Старший из двух констеблей достал блокнот:

– Сэр Денис Энсон и мистер Уильям Митчелл.

– Как это случилось?

– Энсон спрыгнул с корабля.

– В Темзу?

Это казалось полной нелепостью.

– Второй пропавший, Митчелл, нырнул в воду, чтобы его спасти, но сам угодил в неприятности. Это был один из приглашенных музыкантов. Третий джентльмен, мистер Бен-кен-дорф, – произнес он с легким подозрением в голосе и ткнул большим пальцем в сторону молодого человека, который сидел на ступеньках, опустив голову и закутавшись в плед, – тоже бросился на помощь, но к тому времени они оба скрылись под водой.

Димер сделал пометки в блокноте:

– Где именно это произошло?

– У моста Баттерси. Они уже возвращались с прогулки.

– Когда?

– Около трех часов ночи.

– Тела обнаружили?

– Речная полиция Челси их все еще ищет.

Димер поднял взгляд на констебля:

– Значит, какая-то надежда еще есть?

– Нет. Капитан парохода Уильям Уайт говорит, что был сильный отлив. Их искали целый час, пока не сдались. Я считаю, их можно отпустить. Нет здесь ничего такого, на чем вы могли бы отточить зубы, сержант.

Второй констебль ухмыльнулся.

– Вы взяли показания свидетелей, находившихся на борту?

– Более или менее. Не все видели, что случилось… а те, кто видел, говорят одно и то же.

– Мне понадобятся ваши записи. Подождите здесь. – Димер подошел к Бенкендорфу и сел на корточки перед ним. – С вами все в порядке, сэр? Я из полиции. Вам нужна медицинская помощь?

Русский поднял голову. По его бледному лицу тянулись темные полосы – может быть, мазут? От него пахло сточной водой.

– Нет, я просто устал, только и всего.

– Вы поступили очень смело, сэр.

Он покачал головой:

– Нет, это музыкант был смелым. А я даже близко к ним не подобрался. Никогда раньше не сталкивался с таким отливом… как будто сам дьявол вцепился мне в ноги и тянул под воду…

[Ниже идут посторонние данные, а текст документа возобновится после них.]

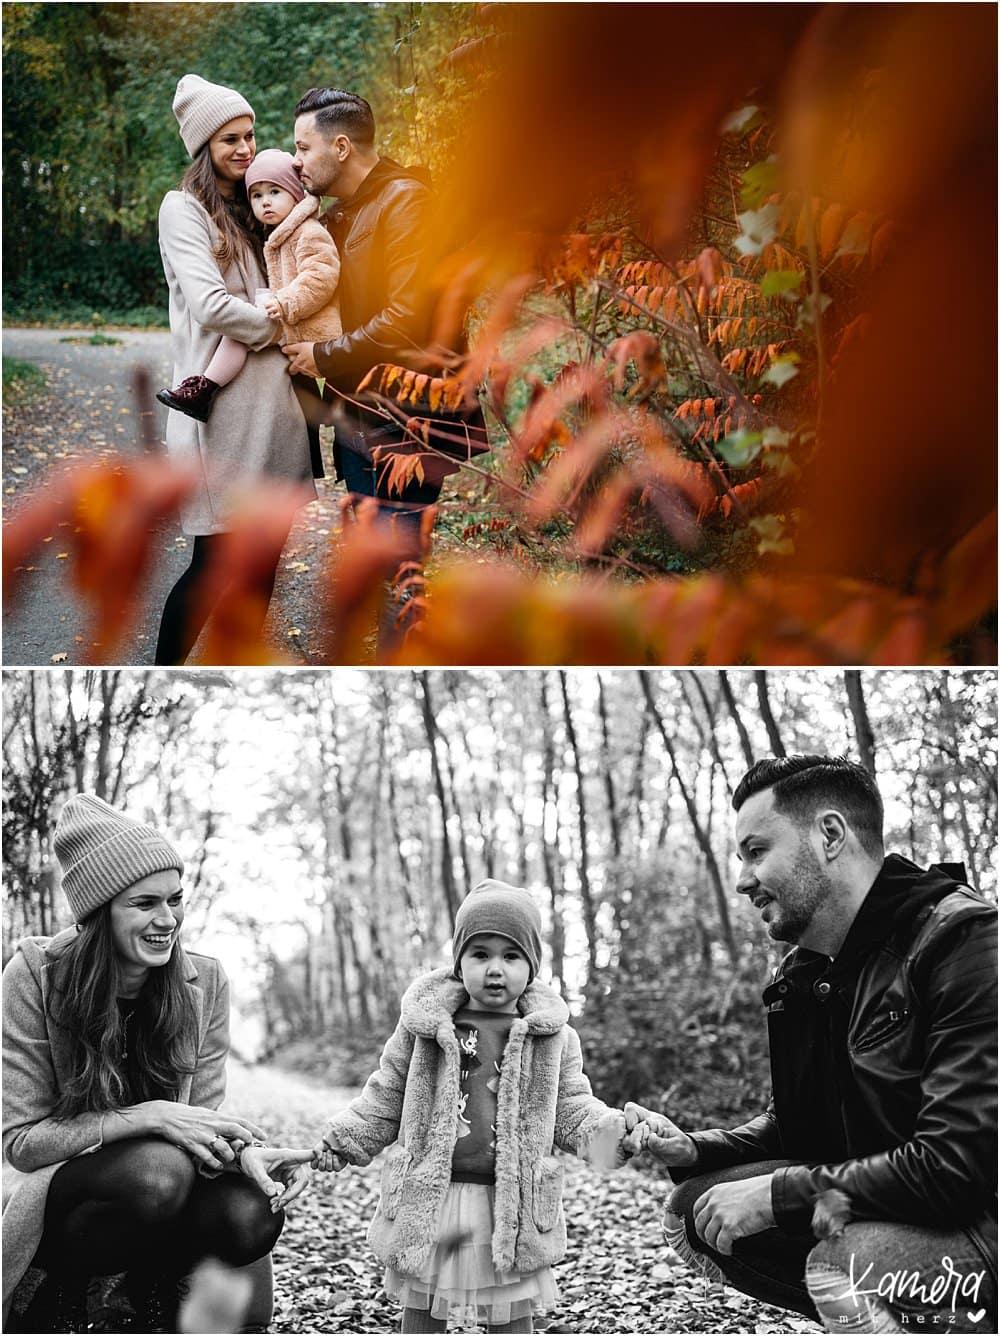 Familienshooting im Herbst in Köln

– Вам нужно снять мокрую одежду и отправиться домой спать. Мы вас больше не задерживаем. Кто здесь мистер Асквит?

Бенкендорф повел головой в сторону человека, который растянулся во весь рост на причале, скрестив ноги, сложив руки на груди и надвинув цилиндр на глаза. Вероятно, он спал.

Димер подошел к нему и вежливо кашлянул:

– Сэр?..

Рука лежавшего по-крабьи проползла по груди и медленно сдвинула шляпу. У него были светлые волосы и тонкое чисто выбритое лицо с нежной кожей, а глаза голубые, как небо.

– Да?

– Я детектив-сержант Димер из полиции. Меня прислали убедиться, что с вами все в порядке.

– Со мной все в абсолютном порядке, спасибо, сержант. Я вовсе не тот, о ком вам следует беспокоиться. – Он сел и огляделся, потом поднялся на ноги и отряхнул фрак. – Ну ладно, думаю, лучше поскорее закончить со всем этим. Нужно сообщить матери сэра Дениса. Это должен сделать я. Но сначала я хотел бы отвезти домой жену.

– Понимаю.

К этому времени большинство свидетелей трагедии начали стекаться ближе, чтобы посмотреть, что здесь происходит. К Димеру подошел невысокий краснолицый мужчина, ведущий под руку женщину в наброшенном на плечи пиджаке кавалера.

– Леди Диане дурно. Ей нужно прилечь. Вынужден настаивать на том, чтобы нас отпустили.

– Не глупи, Дафф, – проворчал Реймонд. – Нужно пройти необходимые формальности. Пусть полиция делает свою работу.

– Офицер, я понимаю, то, что произошло с Денисом и этим бедным скрипачом, просто ужасно, но нас держат здесь уже не один час, – сказала женщина.

Ее большие голубые глаза казались странно пустыми, как у куклы. Димер даже подумал, не принимает ли она что-нибудь. Другие гости одобрительно зашептались. Но ему было наплевать на их высокомерие, будто они имели право на особое отношение к себе. Будь его воля, он задержал бы их еще на час-другой. Но Куинн распорядился отпустить их, прежде чем появится пресса.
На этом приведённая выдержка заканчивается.